问题
I'm looking for the more compact way to store boolean.
numpy internally need 8bits to store one boolean, but np.packbits
allow to pack
them, that's pretty cool.
The problem is that to pack in a 4e6 bytes array a 32e6 bytes array of boolean we need to first spend 256e6 bytes to convert the boolean array in int array !
In [1]: db_bool = np.array(np.random.randint(2, size=(int(2e6), 16)), dtype=bool)
In [2]: db_int = np.asarray(db_bool, dtype=int)
In [3]: db_packed = np.packbits(db_int, axis=0)
In [4]: db.nbytes, db_int.nbytes, db_packed.nbytes
Out[5]: (32000000, 256000000, 4000000)
There is a one year old issue opened in the numpy tracker about that (Cf. https://github.com/numpy/numpy/issues/5377 )
Has someone a solution/better workaround ?
The traceback when we try to do it the right way:
In [28]: db_pb = np.packbits(db_bool)
---------------------------------------------------------------------------
TypeError Traceback (most recent call last)
<ipython-input-28-3715e167166b> in <module>()
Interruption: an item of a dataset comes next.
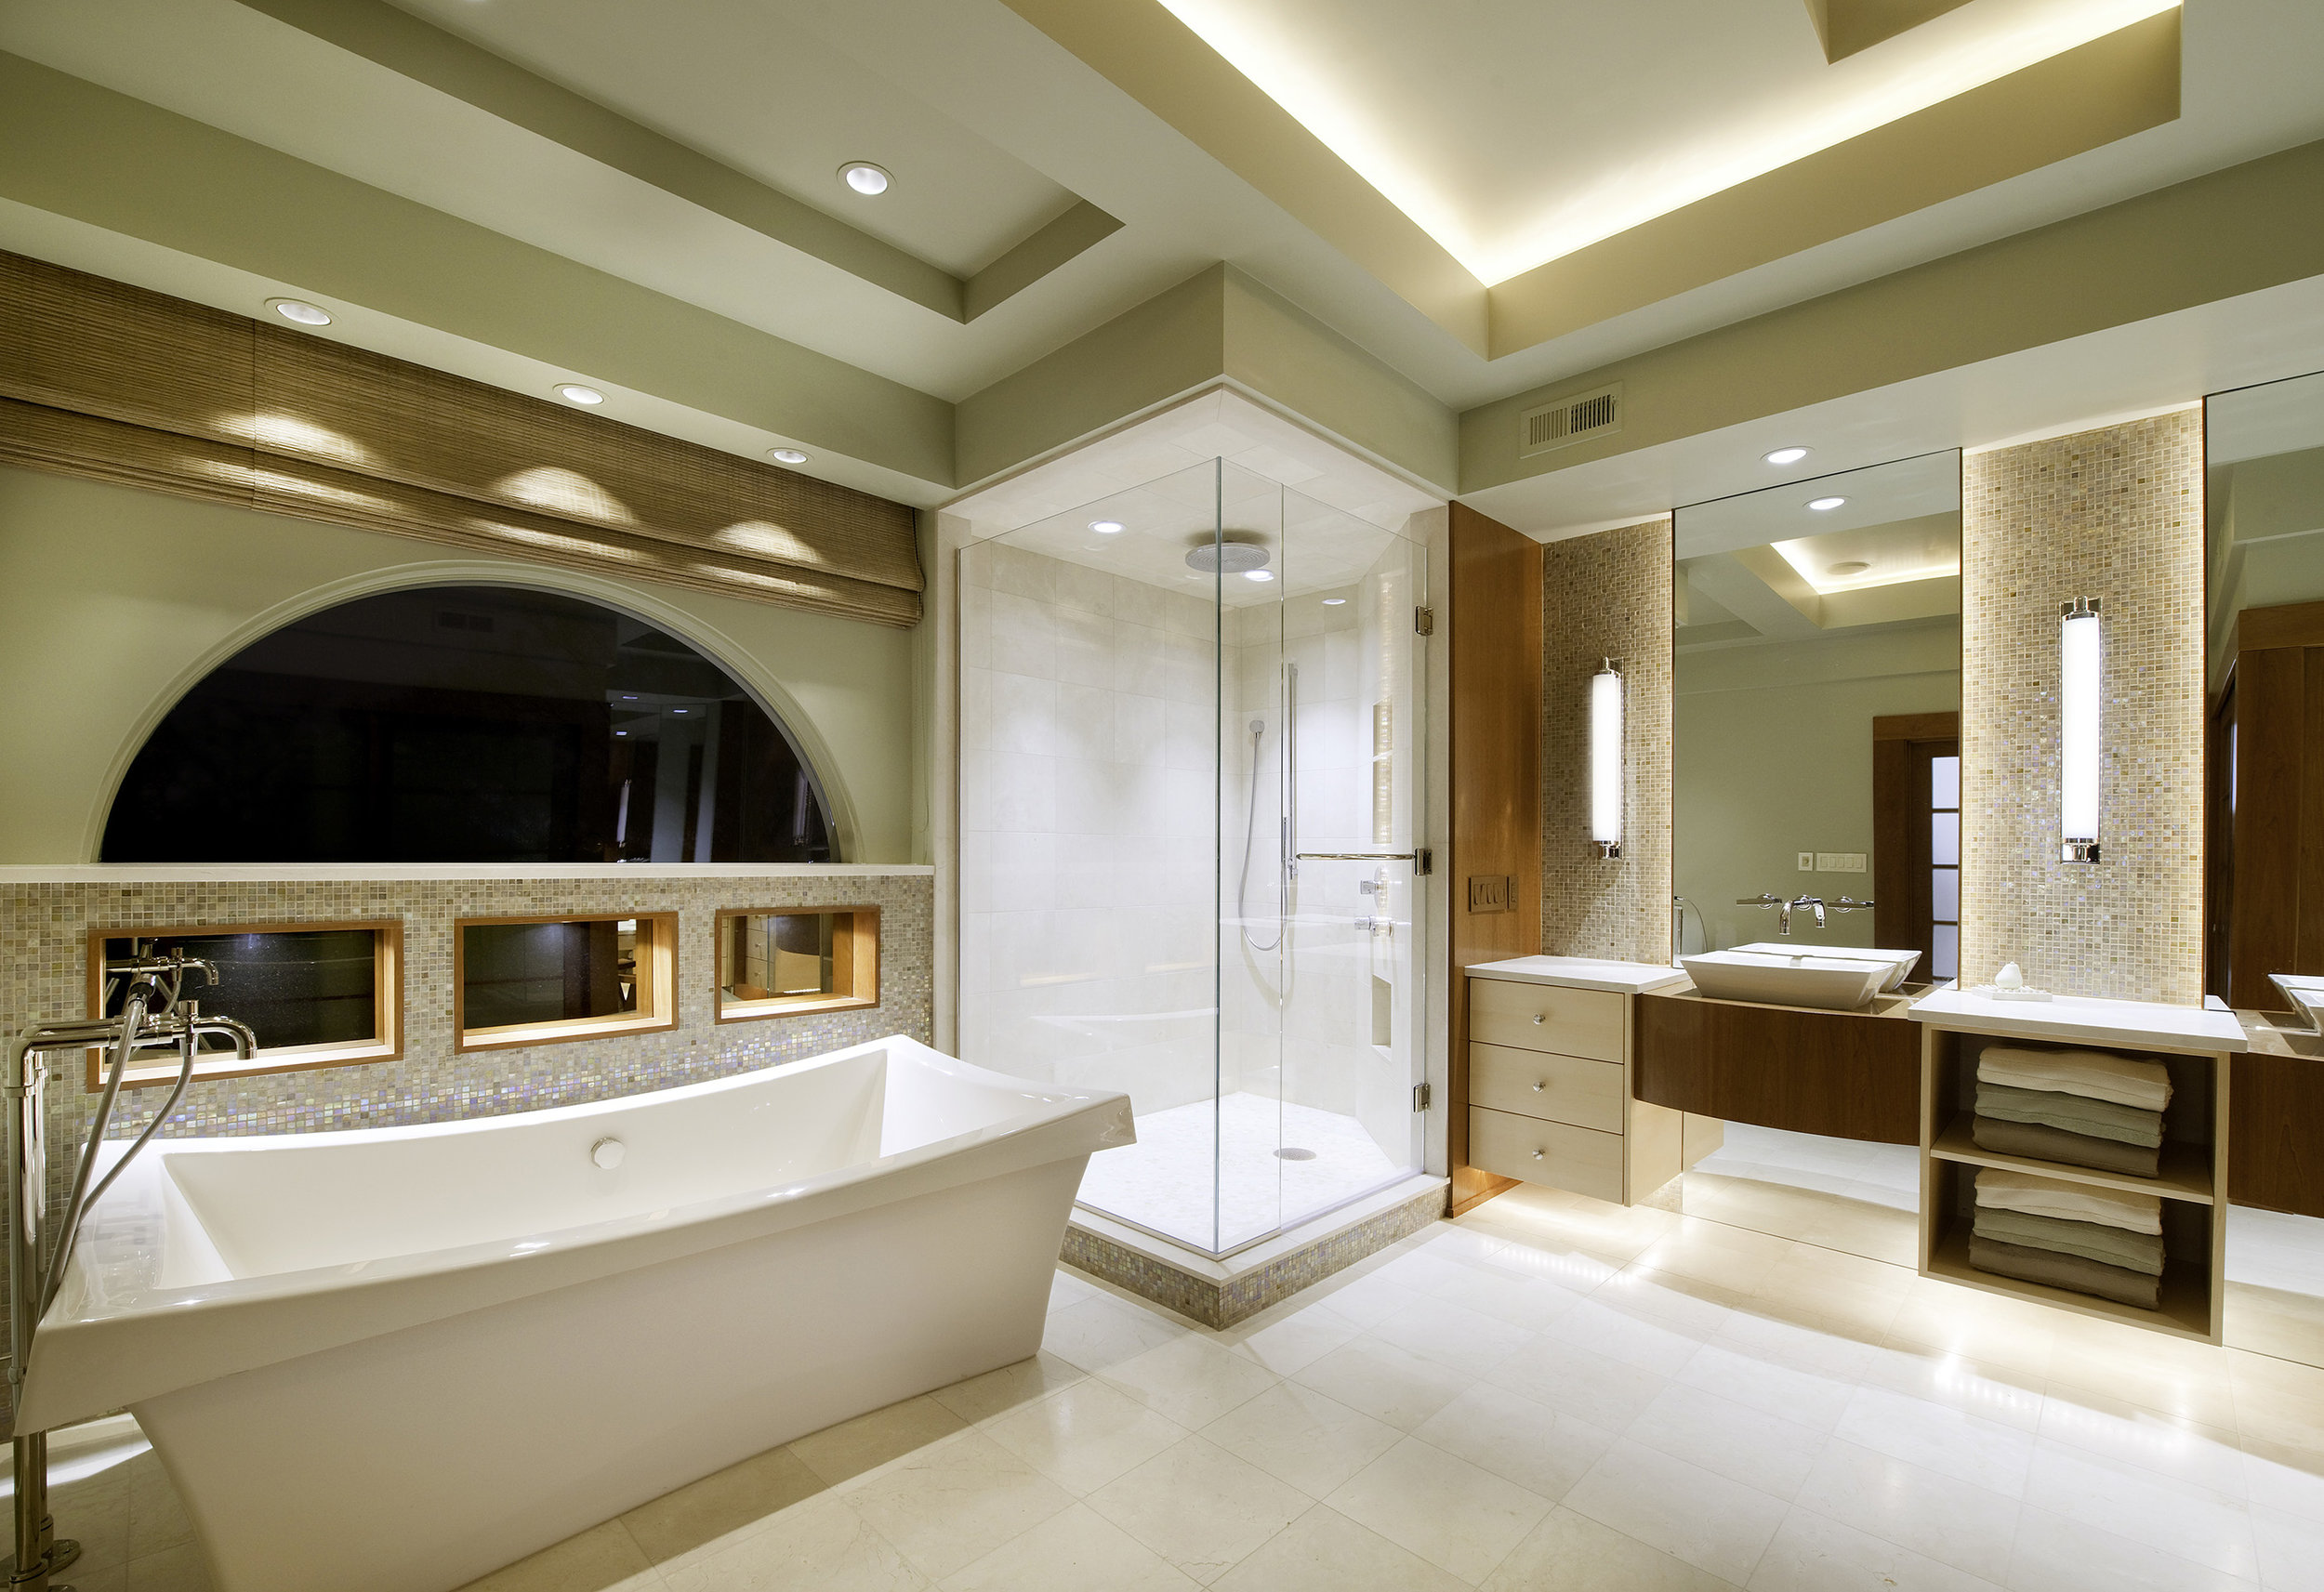 kitchen_bath_concepts_wholehome5_5.jpg

----> 1 db_pb = np.packbits(db_bool)
TypeError: Expected an input array of integer data type
In [29]:
PS: I will give bitarray a try but would have get it in pure numpy.
回答1:
There's no need to convert your boolean array to the native int
dtype (which will be 64 bit on x86_64). You can avoid copying your boolean array by viewing it as np.uint8
, which also uses a single byte per element:
packed = np.packbits(db_bool.view(np.uint8))
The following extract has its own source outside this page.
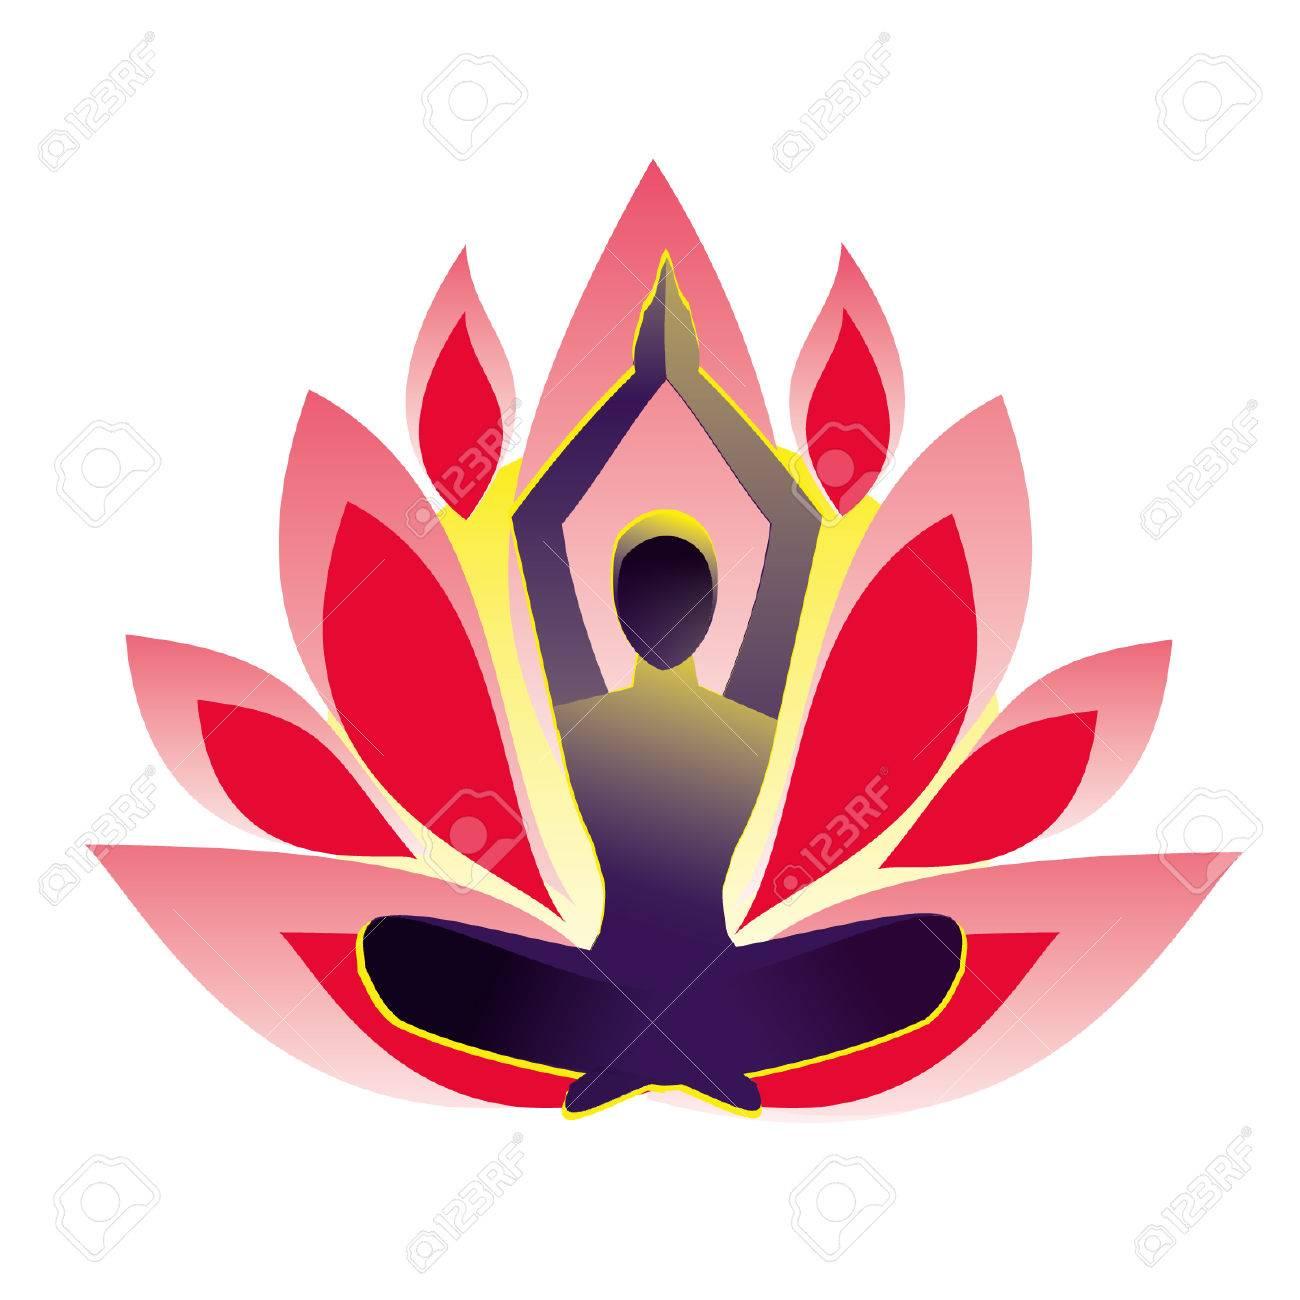 Yoga Pose Lotus Vector Illustration Royalty Free Cliparts Vectors

unpacked = np.unpackbits(packed)[:db_bool.size].reshape(db_bool.shape).view(np.bool)
print(np.all(db_bool == unpacked))
# True
Also, np.packbits
should now work directly on boolean arrays as of this commit from over a year ago (numpy v1.10.0 and newer).
回答2:
Just yesterday, I answered a question to a newcomer on how to deal with bits in Python - as compared to C++. After warning there would be no speed gains, I sketched-up a naive "bitarray" using internally Python's bytearray objects.
This is in no way fast - but if you are no longer operating on your array bits, and just want the output, maybe it is good enough - as you have full control in Python code about the conversion. Otherwise, you can try just hinting the static types and run the same code as Cython, and you will probably want to use an np array with dtype=int8 instead of a bytearray:
class BitArray(object):
def __init__(self, length):
self.values = bytearray(b"\x00" * (length // 8 + (1 if length % 8 else 0)))
self.length = length
def __setitem__(self, index, value):
value = int(bool(value)) << (7 - index % 8)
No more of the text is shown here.